Он даже сполоснул тарелки, прежде чем поставить их в посудомоечную машину, о чем я безрезультатно твердила ему несколько месяцев.
«Спасибо, дружище», — осторожно сказал я, вытирая руки. «Что на тебя нашло?»
Джек пожал плечами, его лицо было пустым, пока он изучал крошки, которые смахнул в руку. «Ничего, мама. Просто помогаю».
Это тот самый мальчик, который весь прошлый год уклонялся от ответственности, словно это была заразная болезнь? Я прислонилась к стойке, наполовину ожидая, что он снимет маску и покажет себя самозванцем.
Но он не закончил. После ужина он пропылесосил гостиную, а затем, без всякой просьбы, отказался от планшета перед сном. Никаких истерик, никакого нытья. Просто… сотрудничество.
Сначала я была в восторге. Это ведь мечта каждого родителя, верно? Ребенок, который все делает сам? Но когда я укладывала его, приглаживая волосы, беспокойство закралось в мою грудь, как сквозняк под дверью.
Что-то в его внезапном преображении казалось слишком аккуратным, слишком практичным.
«Спокойной ночи, Джек», — сказала я, гладя его волосы.
«Спокойной ночи, мама». В его голосе была та же странная серьезность, что и весь вечер; слишком серьезно для мальчика его возраста.
Он натянул одеяло до подбородка и тихо добавил: «Не волнуйся так сильно».
Я замерла. «О чем беспокоиться?»
«Ни о чем», — быстро сказал он, закрывая глаза. «Люблю тебя».

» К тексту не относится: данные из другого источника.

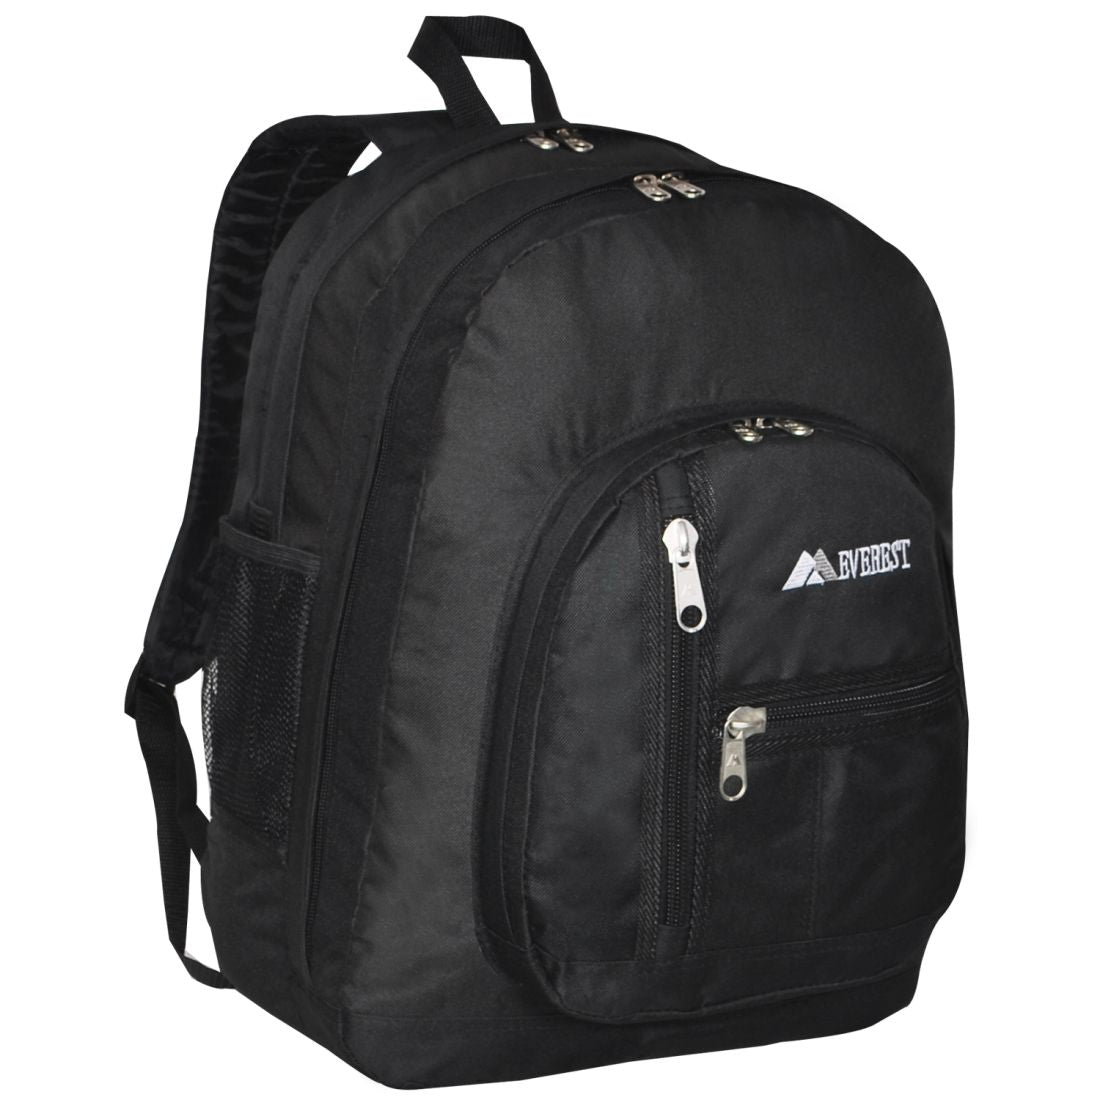 Everest mid-size Double Compartment Backpack with cargo room.

Я задержалась, глядя на него, пытаясь избавиться от ощущения, что что-то ускользает от меня. Но я не стала настаивать. Пока еще нет.
Ко вторнику дом сверкал. Джек складывал белье, напевая себе под нос, и не превышал тридцати минут в видеоиграх, чего я не делала уже несколько месяцев.
После школы я загнала его в угол и опустилась на колени. «Джек, в последнее время ты был просто великолепен. Но… мне нужно знать. Бабушка что-то сказала в эти выходные?»
Лицо Джека дернулось. «Вроде того».
«Например?» Я спросила мягко, сохраняя легкий тон, несмотря на тесноту в груди.
Он переместил свой вес и посмотрел на пол. «В субботу вечером я подслушал, как она и ее парень разговаривали на кухне. О тебе. Они думали, что я сплю».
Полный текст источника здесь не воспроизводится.